** Opening Recorded data block **
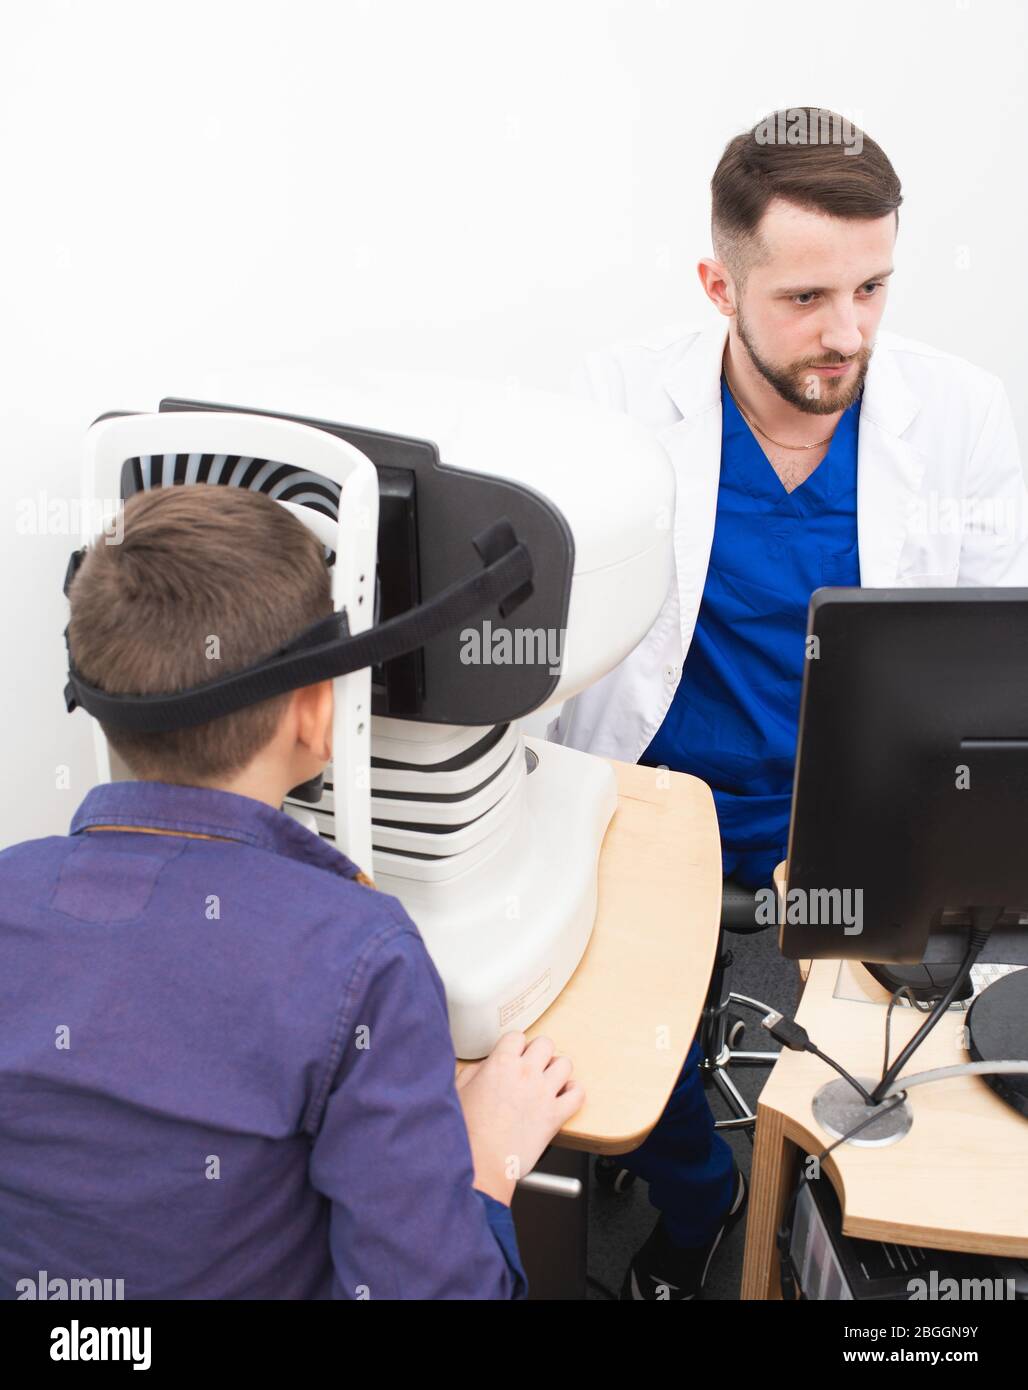 le médecin examine la cornée d'un garçon à l'aide d'un appareil ophtalmique spécial. Traitement du glaucome Banque D'Images
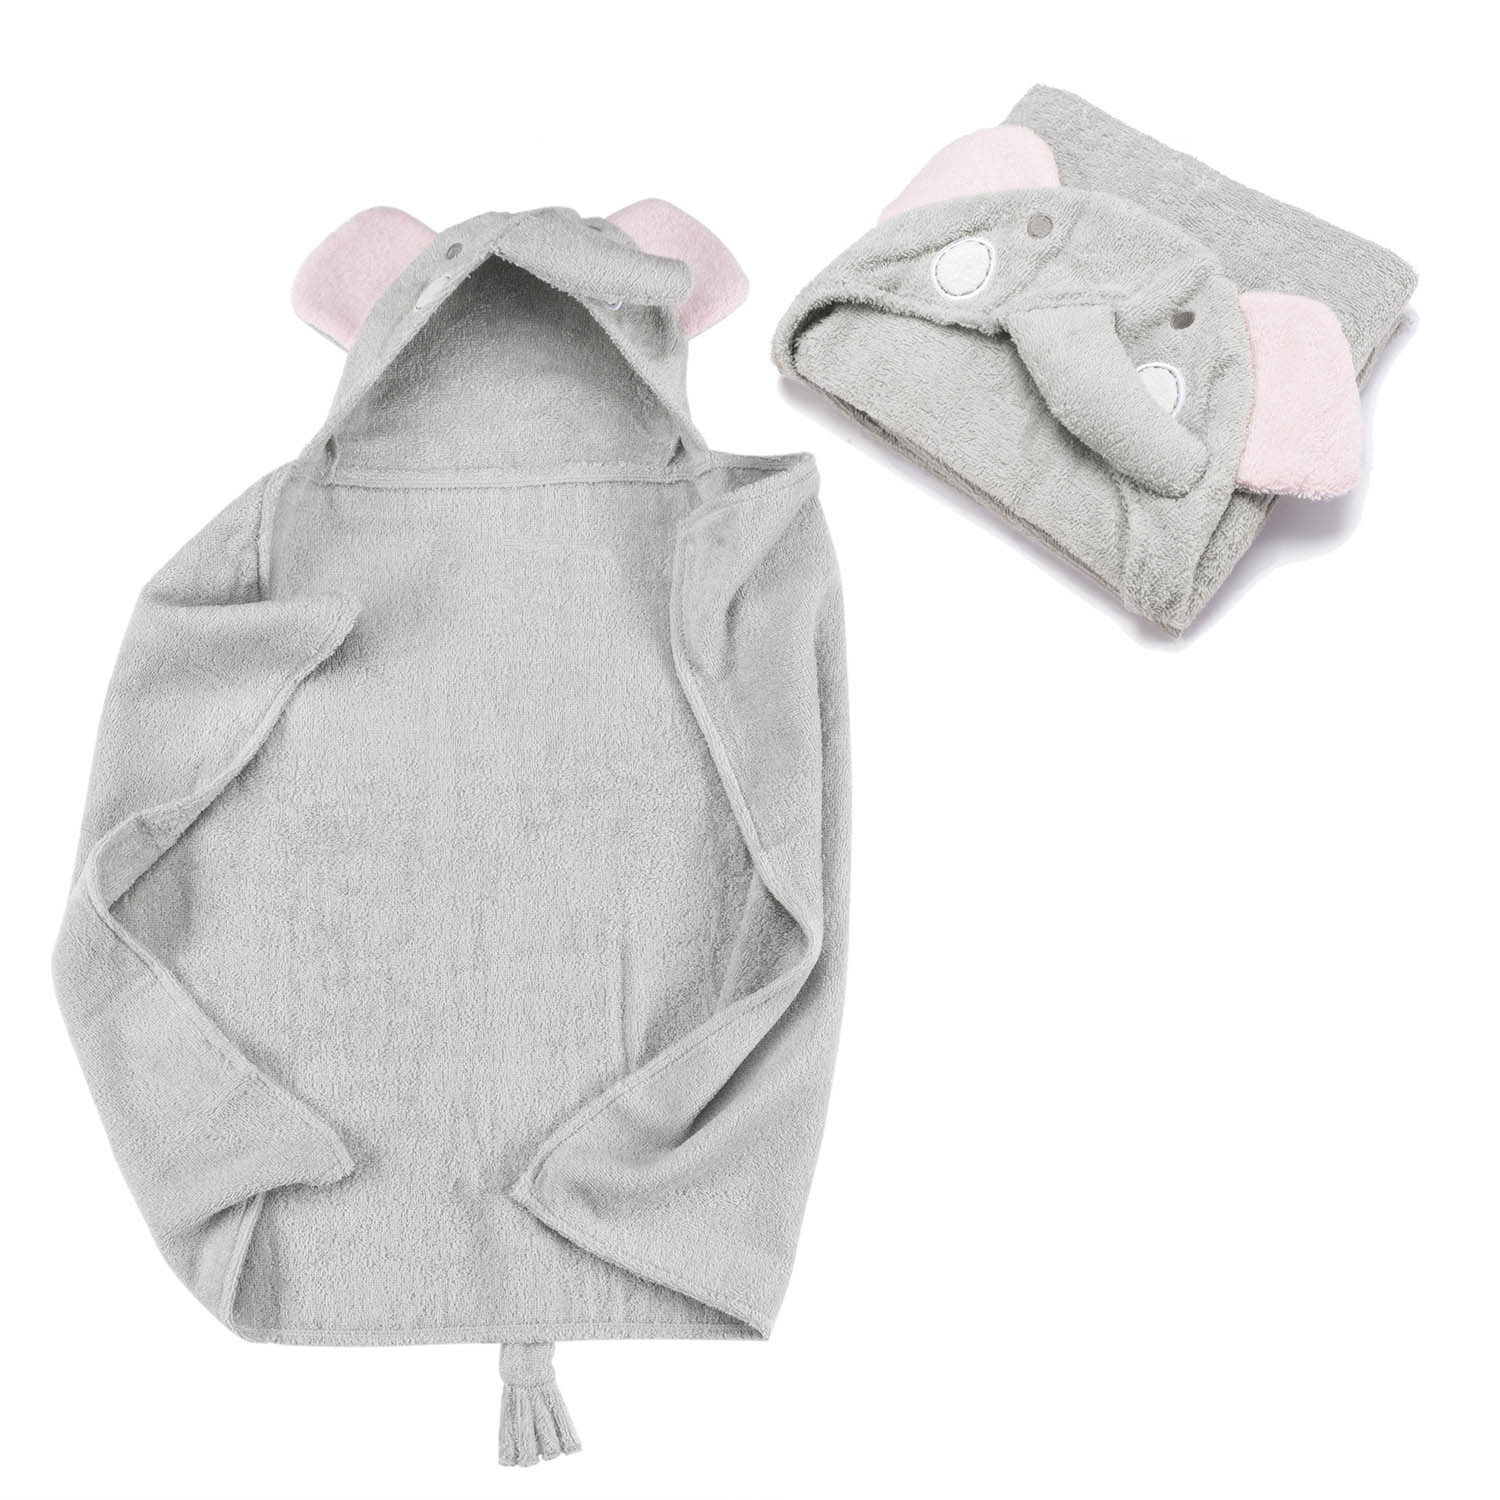 Gray,Size:S Kapuzenhandtuch Babyhandtuch Extra weich Atmungsaktiv für Neugeborene und Kleinkinder Baby Handtuch Kapuze Baby Badetuch und Kapuzenhandtuch Kinder 
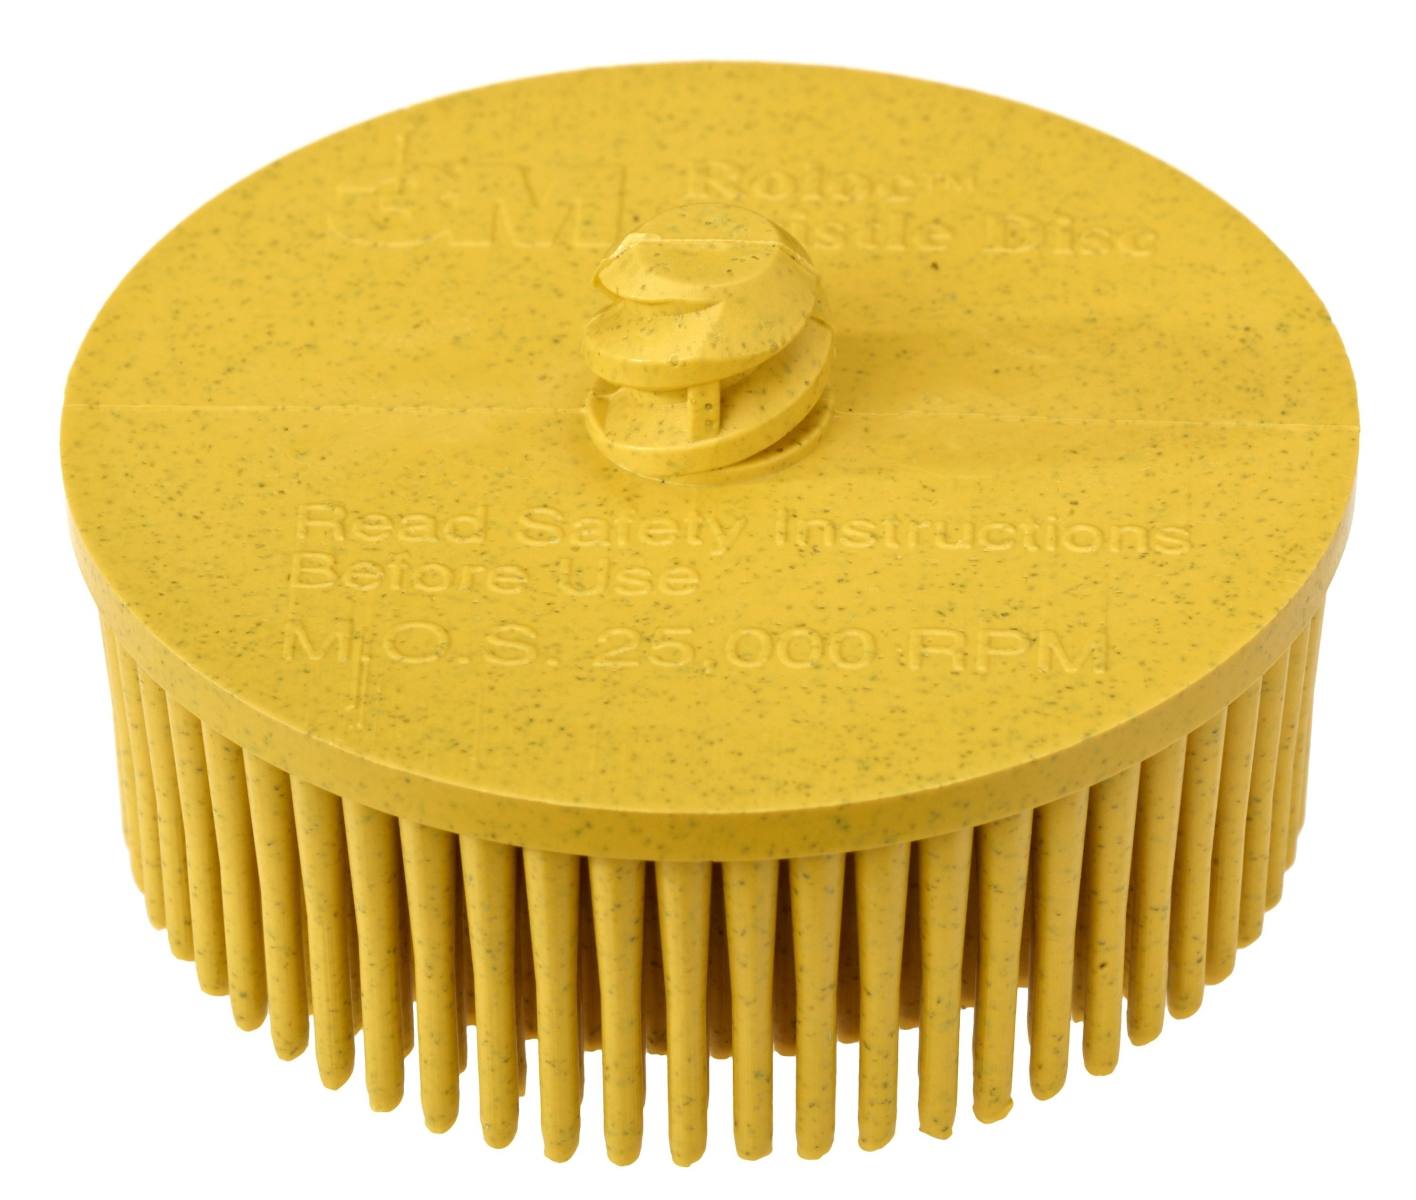 3M Scotch-Brite Roloc Bristle Disc RD-ZB, jaune, 76,2 mm, P80 #07527
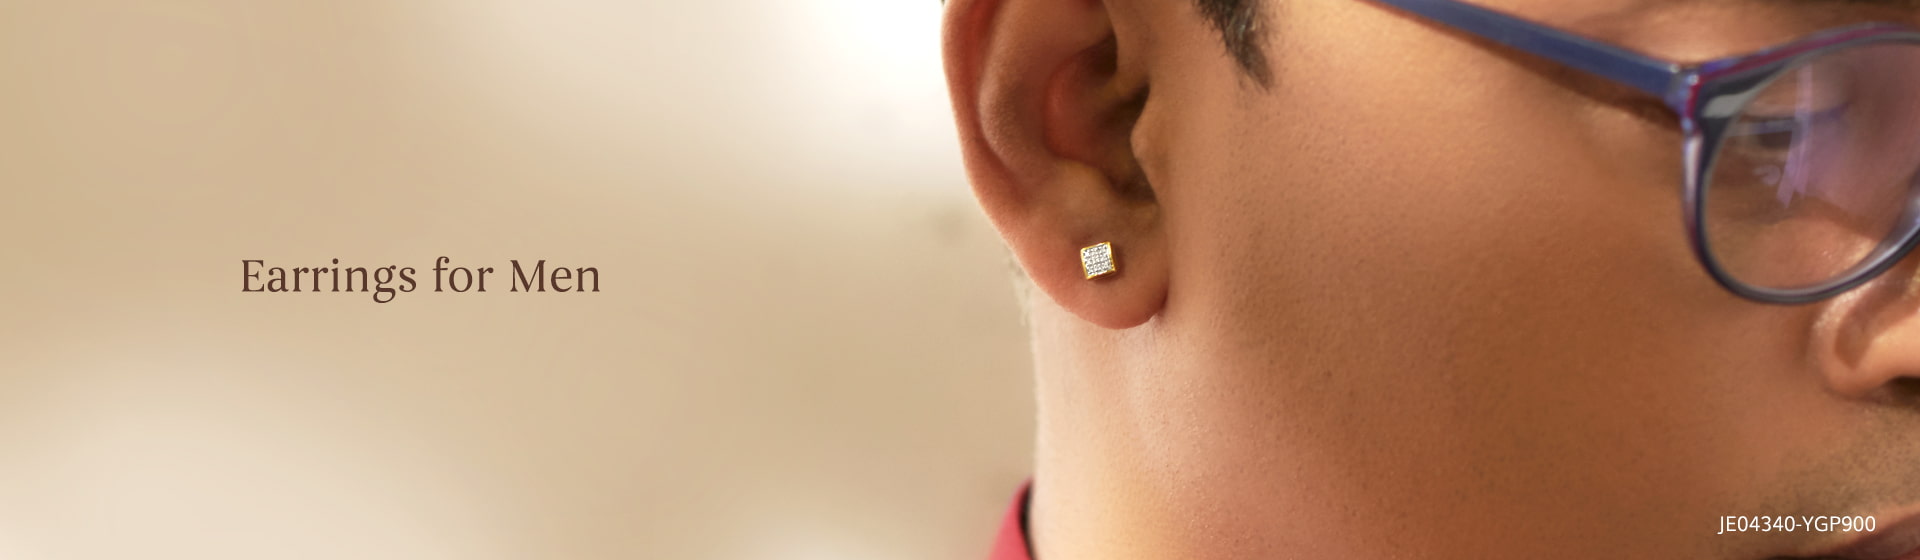 Stylish Gold & Diamond Earring Designs For Men
** Closing Recorded data block **
Every line of the listing should be copied precisely, with images omitted.

● Result of this task
 le médecin examine la cornée d'un garçon à l'aide d'un appareil ophtalmique spécial. Traitement du glaucome Banque D'Images
 Gray,Size:S Kapuzenhandtuch Babyhandtuch Extra weich Atmungsaktiv für Neugeborene und Kleinkinder Baby Handtuch Kapuze Baby Badetuch und Kapuzenhandtuch Kinder 
 3M Scotch-Brite Roloc Bristle Disc RD-ZB, jaune, 76,2 mm, P80 #07527
 Stylish Gold & Diamond Earring Designs For Men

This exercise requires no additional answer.